I nodded. Bolt-and-cable guns fired penetrating bolts that would stick in almost anything—flesh, bone, rock, Bitek building materials—and trailed an immensely strong but thin cable that remained connected to the gun until it was released by the firer. A duel with the weapons was conducted on a miniature mountain two hundred metres high built within a duelling chamber. The mountain, with its four peaks and many cracks and crevices, provided a challenging battlefield where the bolt-and-cable guns were needed for climbing, swinging, and moving about as much as for shooting at an enemy. Each gun contained ten bolts and Bitek spinnerets that would produce five hundred metres of cable.

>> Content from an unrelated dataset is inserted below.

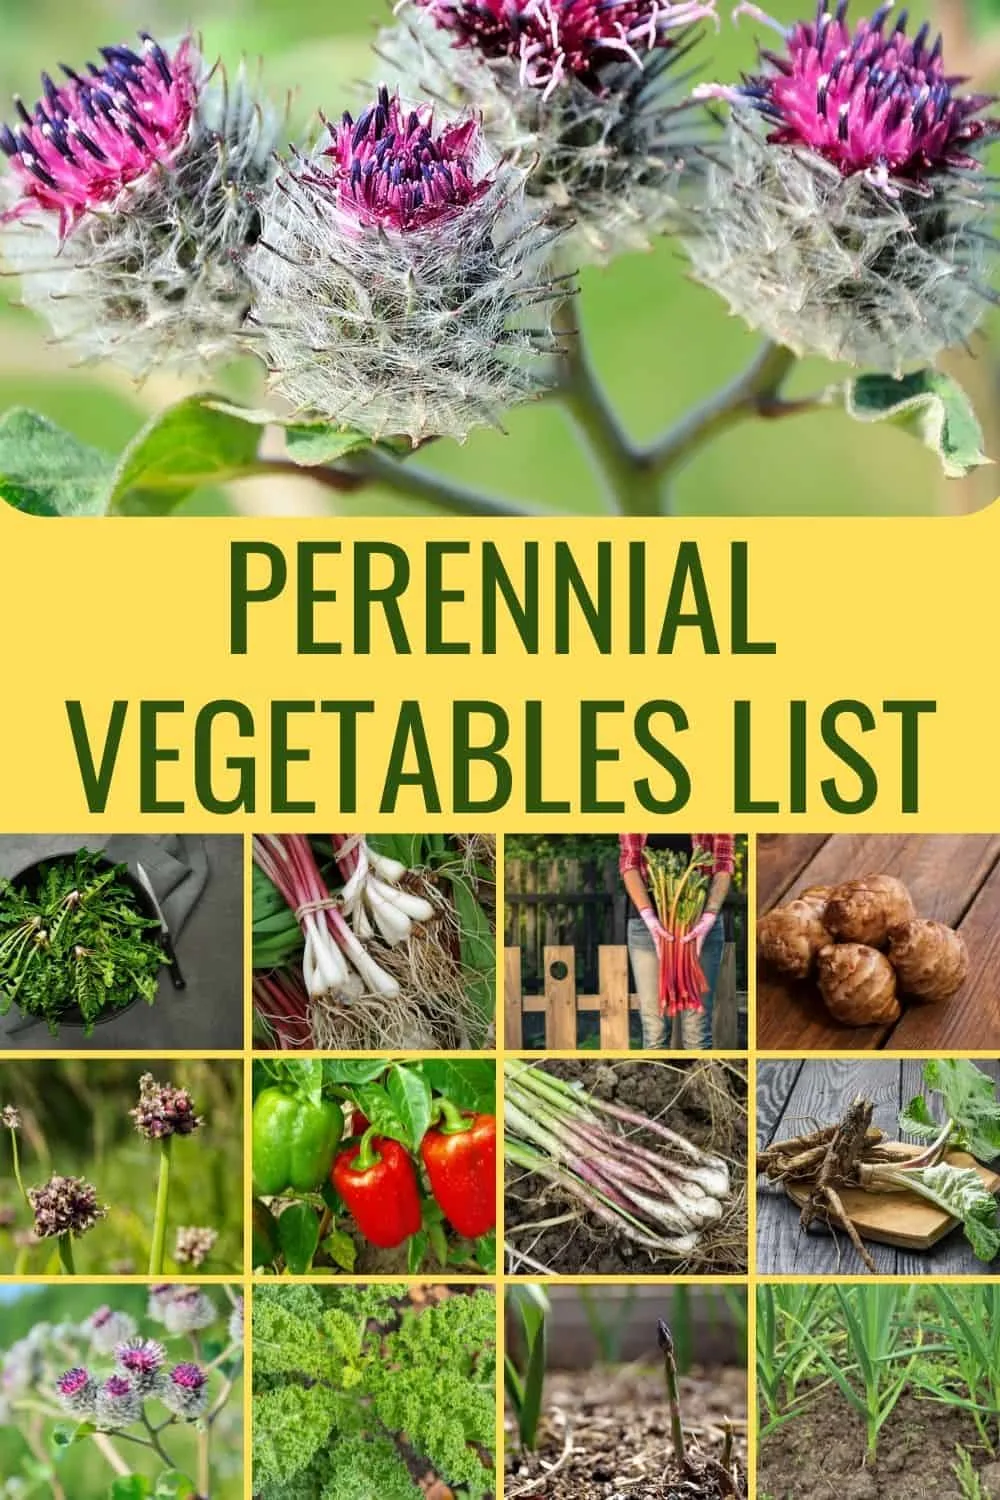 Perennial vegetables list

We would each start on top of one of the minimountain’s peaks, just out of the bolt-and-cable gun’s range. Whoever was better at manoeuvring their way around the mountain and could get close enough to the other and get off an effective disabling or killing shot would win.

In Atalin’s case, I knew that a killing shot of mine would probably mean a final death for her, if Morojal’s words could be trusted. I couldn’t stop thinking about this as I walked with Haddad. It changed the whole nature of the upcoming duel.